The original (i.e. distorted) and distortion-corrected forward and reverse GE-, SE-, and DW-EPIs and FA maps are shown in Fig. 4. In forward SE- and corresponding DW-EPI, strongly stretched geometric distortions are visible near boundaries in anterior regions and slightly compressed distortions near the ventricles (see yellow arrows in Fig. 4II second row of enlarged images), and vice versa in the reverse SE- and DW-EPIs, resulting in equivalently distorted FA maps (see red arrows in Fig. 4II bottom row). After the proposed distortion correction, the EPIs and FA maps matched well with the reference image without distortions. In contrast to the SE-EPI pair, very different image intensity appears in the GE-EPI pair, especially near the anterior edge of the brain due to strong signal dropouts in the reverse GE-EPI. Nevertheless, the proposed distortion correction performed very well even in GE-EPIs (see arrows in Fig. 4II first row of enlarged images). Although loss of spatial information due to compressions cannot be recovered by the distortion correction as shown in the distortion-corrected forward and reverse GE-EPIs and FA maps, the proposed weighted combination of EPIs allows generating a final GE-EPI and FA map with efficient spatial information (see WC in Fig. 4I and 4II).
An identical slice was chosen for SE- and DW-EPIs and corresponding FA maps.
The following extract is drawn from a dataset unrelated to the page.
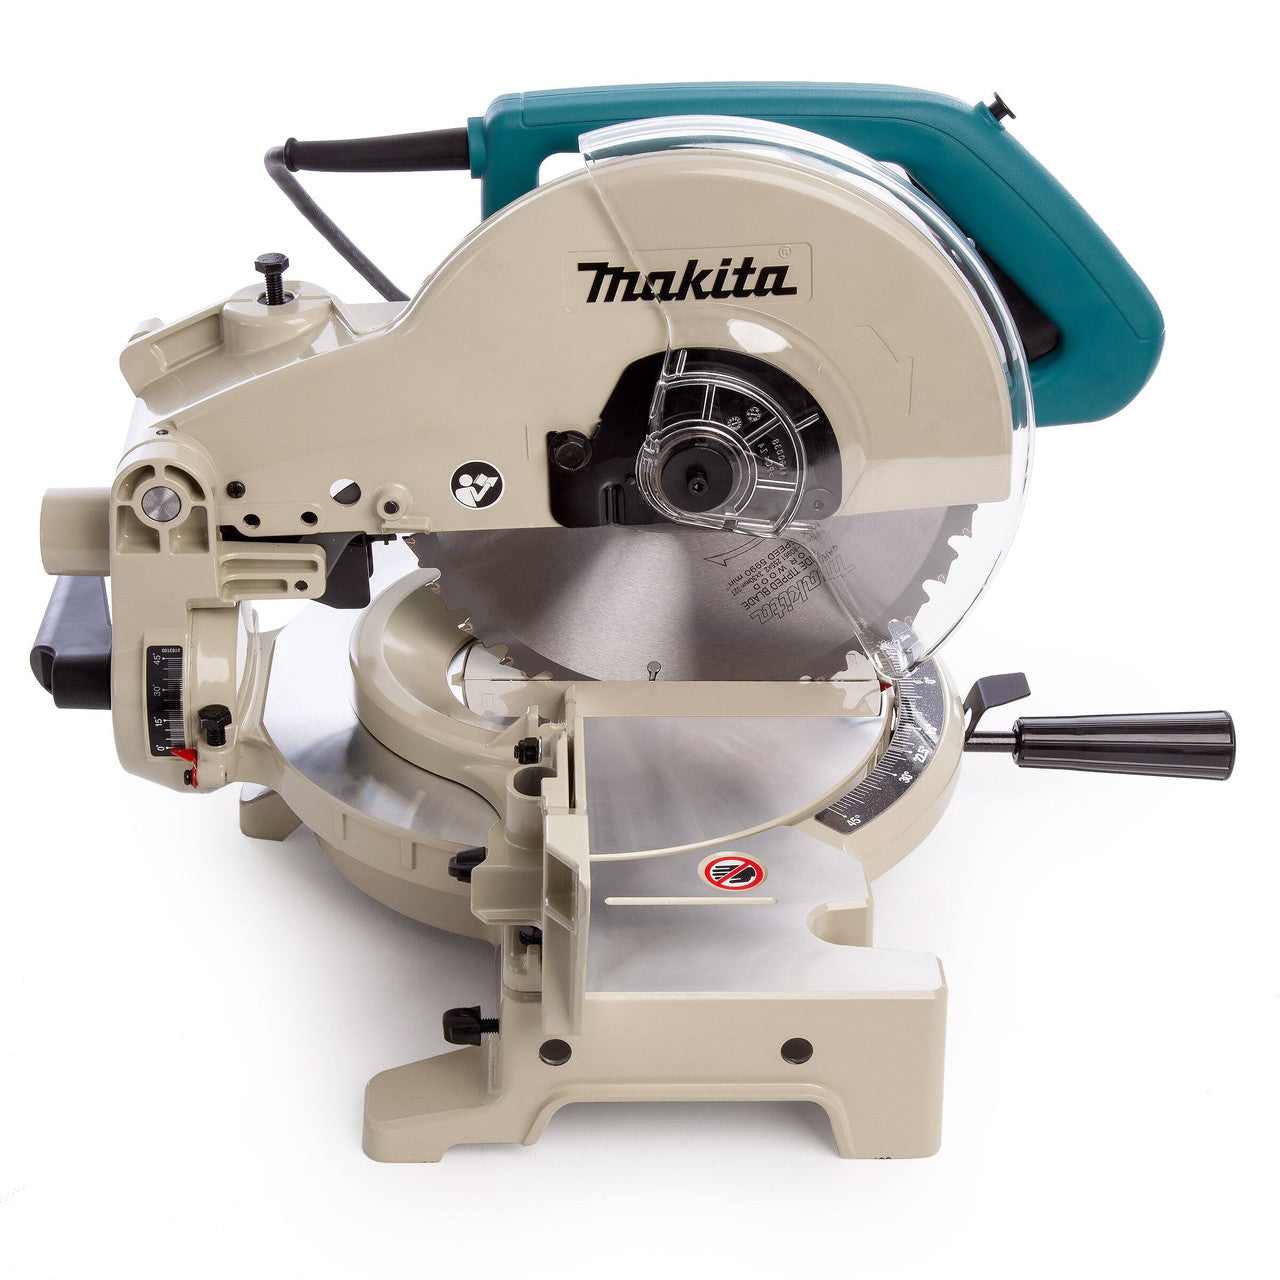 Makita LS1040N 260mm Mitre Saw (240V)
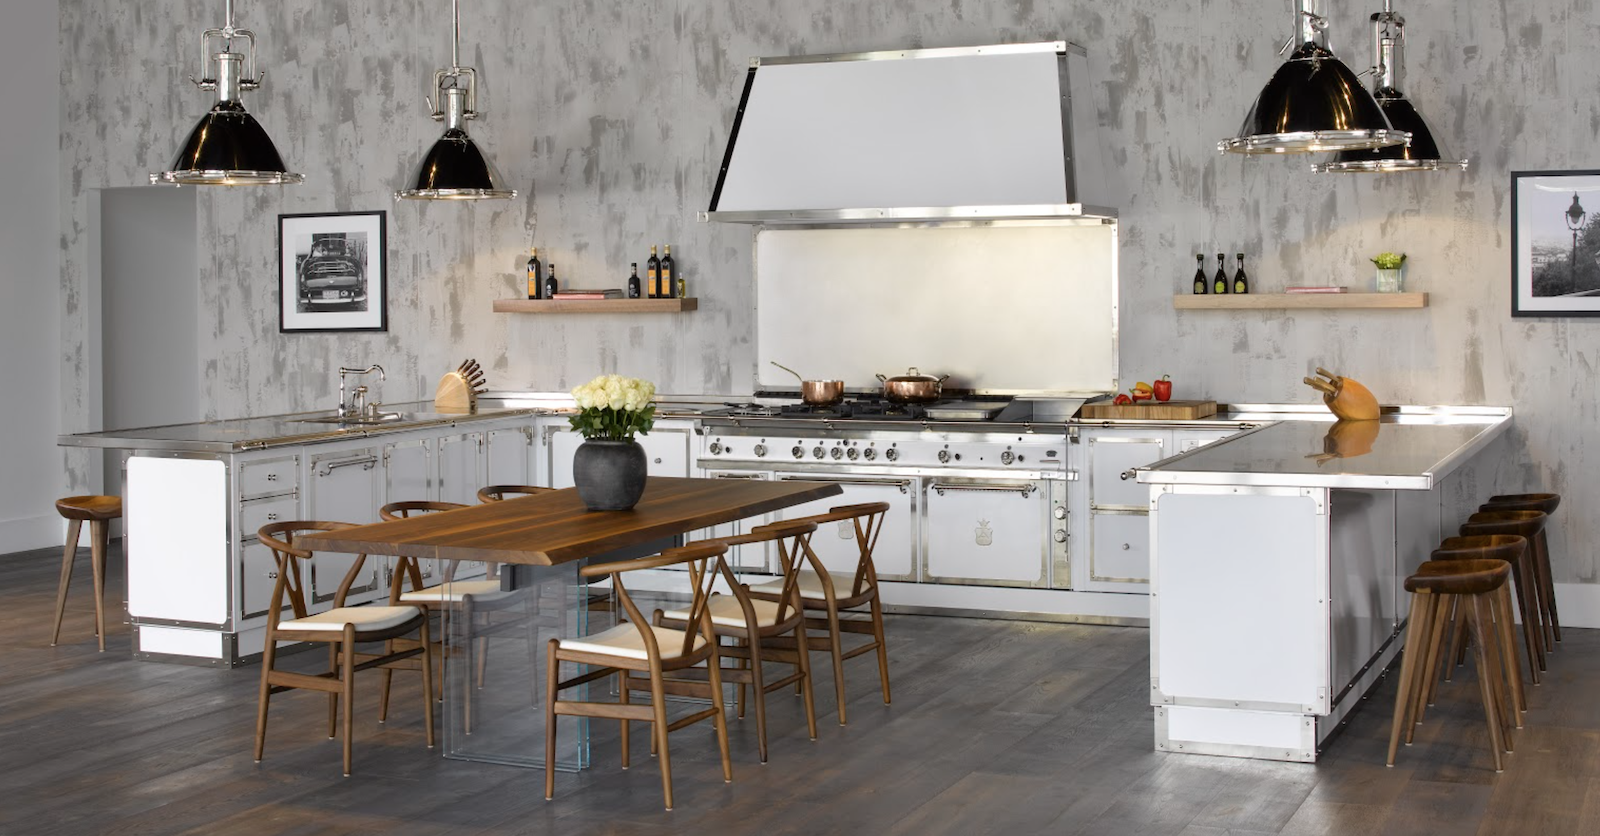 Custom kitchen design in white, Officine Gullo

Weighted combination (WC) of the two distortion-corrected images was carried out using the proposed weighting maps (n = 2) and a final FA map was calculated based on final SE- and DW-EPIs. Green contours calculated from the SE-reference image (SE-ref.) were overlaid onto the enlarged images (II) of the anterior regions of the full FOV images (I). In the enlarged images of GE-EPIs, two blood vessels in the anterior regions of the GE-reference image (GE-ref) are used as landmarks to verify the correction fidelity.
Fig. 5 shows weighting maps calculated from the EPI-PSF kernels. Since the EPI-PSF kernel contains information about both blurring and shift of the PSF due to distortions, the correction procedure considers these effects in calculating the weighting maps. For example, image blurring occurs along the PE direction in the acquired EPI due to the use of a partial Fourier factor of 6/8 together with zero-filling for the image reconstruction. Since the PSF blurring is usually larger near structure boundaries, such as tissue/tissue, tissue/vessels, tissue/ventricles, or tissue/air boundaries in the brain, the locally measured weightings are similar in both maps, as shown in Fig. 5A and 5B. In contrast, weightings due to PSF shifts vary more smoothly (or on global scale) within the slice. Since the protocols were identical with exception of the reversed PE gradient in the EPI measurement, the effects of the PSF shift, but not blurring, are reversed on the weighting maps. Therefore, as shown in the weighting ratio image (Fig. 5C) in logarithmic scale, the effects of PSF shifts are mainly accounted for in the combination process. Compared to the reverse EPI image, the forward EPI image introduces 64 times higher contribution (loge8n = n×2.16, n = 2) to the combined image in the anterior regions (see arrows in Fig. 5) and lower contribution near ventricle regions when the combination process is performed.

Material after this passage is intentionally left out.